Background and Objectives
The natriuretic peptide (NP) system has been considered an important regulator for ischemic stroke (IS) with a limited clinical implication. A better understanding of the underlying molecular mechanisms is urgent. Here, we aimed to examine the role of DNA methylation of NP system genes in IS.

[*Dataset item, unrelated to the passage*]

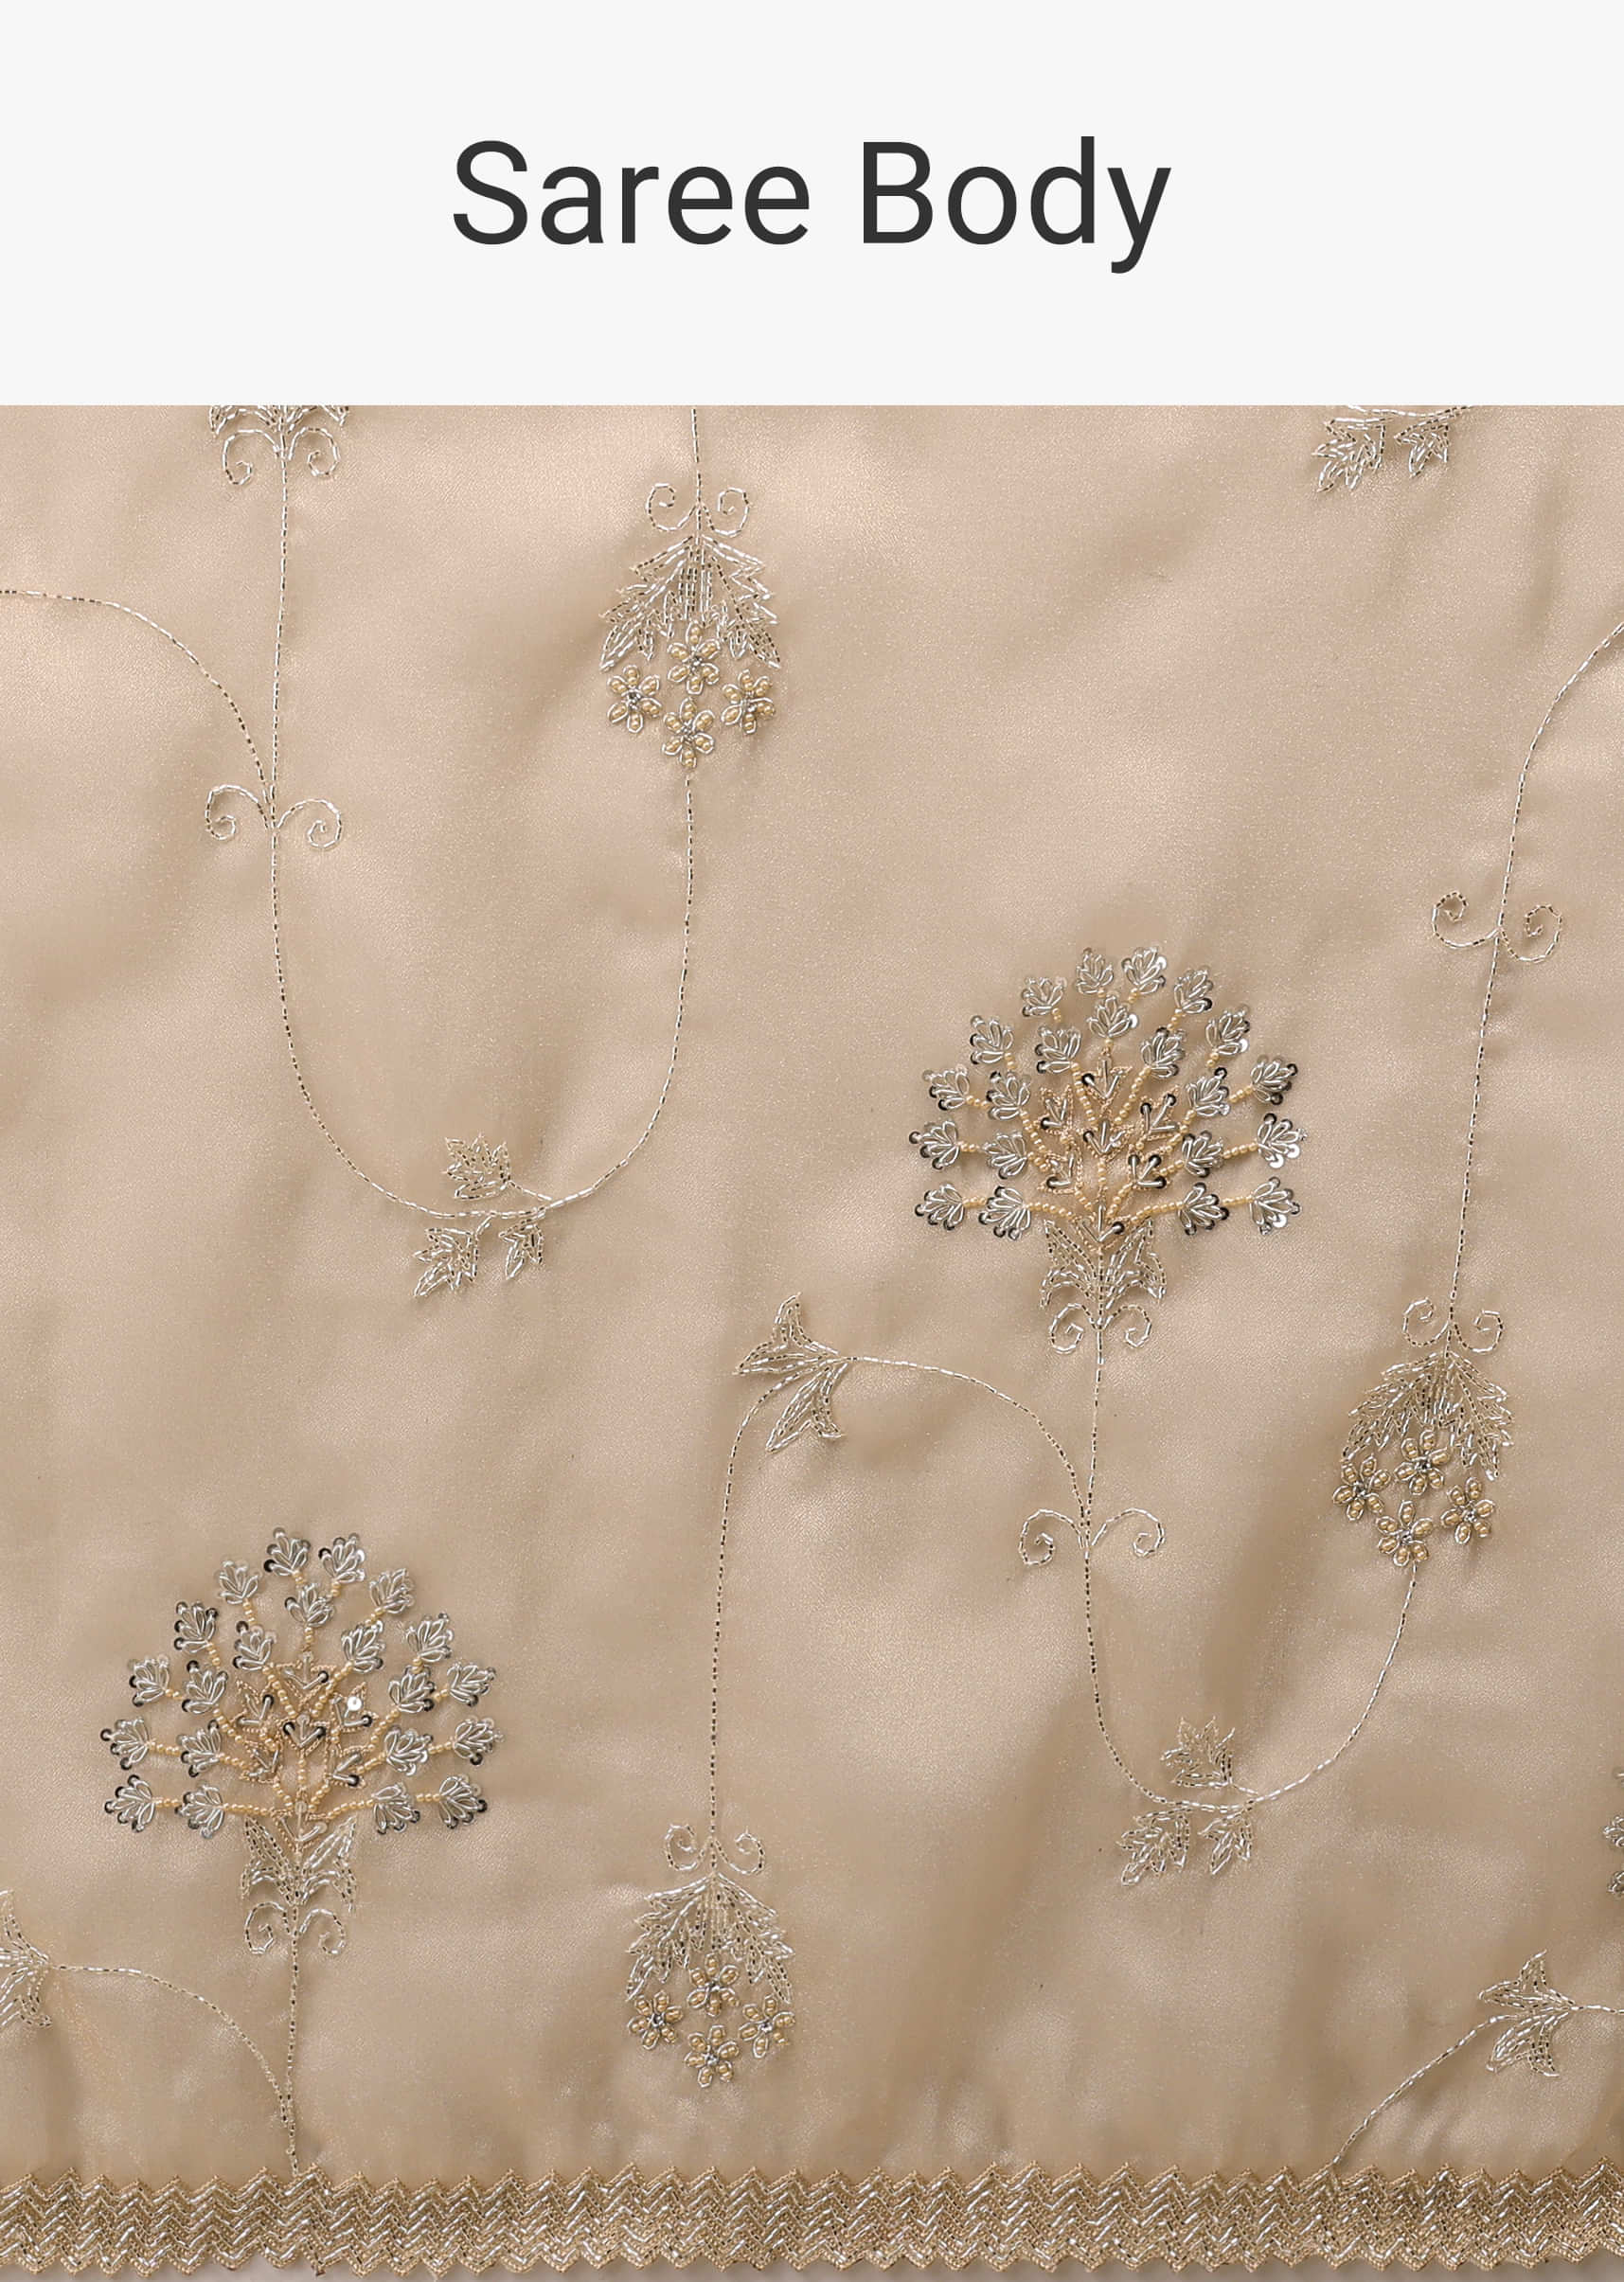 Frosted Almond Tissue Saree In Zardozi Embroidery Buttis, Leafy Motifs Embroidery Detailing On Border

DNA methylation at promoter regions of 4 core NP system genes, e.g., CORIN, FURIN, NPPA, and NPPB, was measured by targeted bisulfite sequencing in 853 patients with IS and 918 controls. We first examined the association between DNA methylation at each single CpG and IS, followed by gene-based and gene set analyses to examine the joint associations of DNA methylation at multiple CpGs in a gene or all 4 genes as a pathway with IS.
After control of covariates and multiple testing, DNA methylation at 19 of the 36 assayed CpGs was individually associated with IS at q < 0.05. Higher average methylation levels at the targeted regions of CORIN (odds ratio [OR] = 0.64, 95% confidence interval [CI]: 0.56–0.73), FURIN (OR = 0.78, 95% CI: 0.69–0.88), and NPPA (OR = 0.78, 95% CI: 0.69–0.88) were associated with a lower odds of IS (all q < 0.05). The truncated product method revealed the same gene-based associations (all q < 0.05) and found that DNA methylation at all 4 NP system genes together was jointly associated with IS (p = 0.0001).
DNA methylation at NP system genes was downregulated in patients with IS. Our results may unravel a molecular mechanism underlying the regulating effect of the NP system on IS and highlight the relevance of testing the joint effect of multiple CpGs in the epigenetic analysis.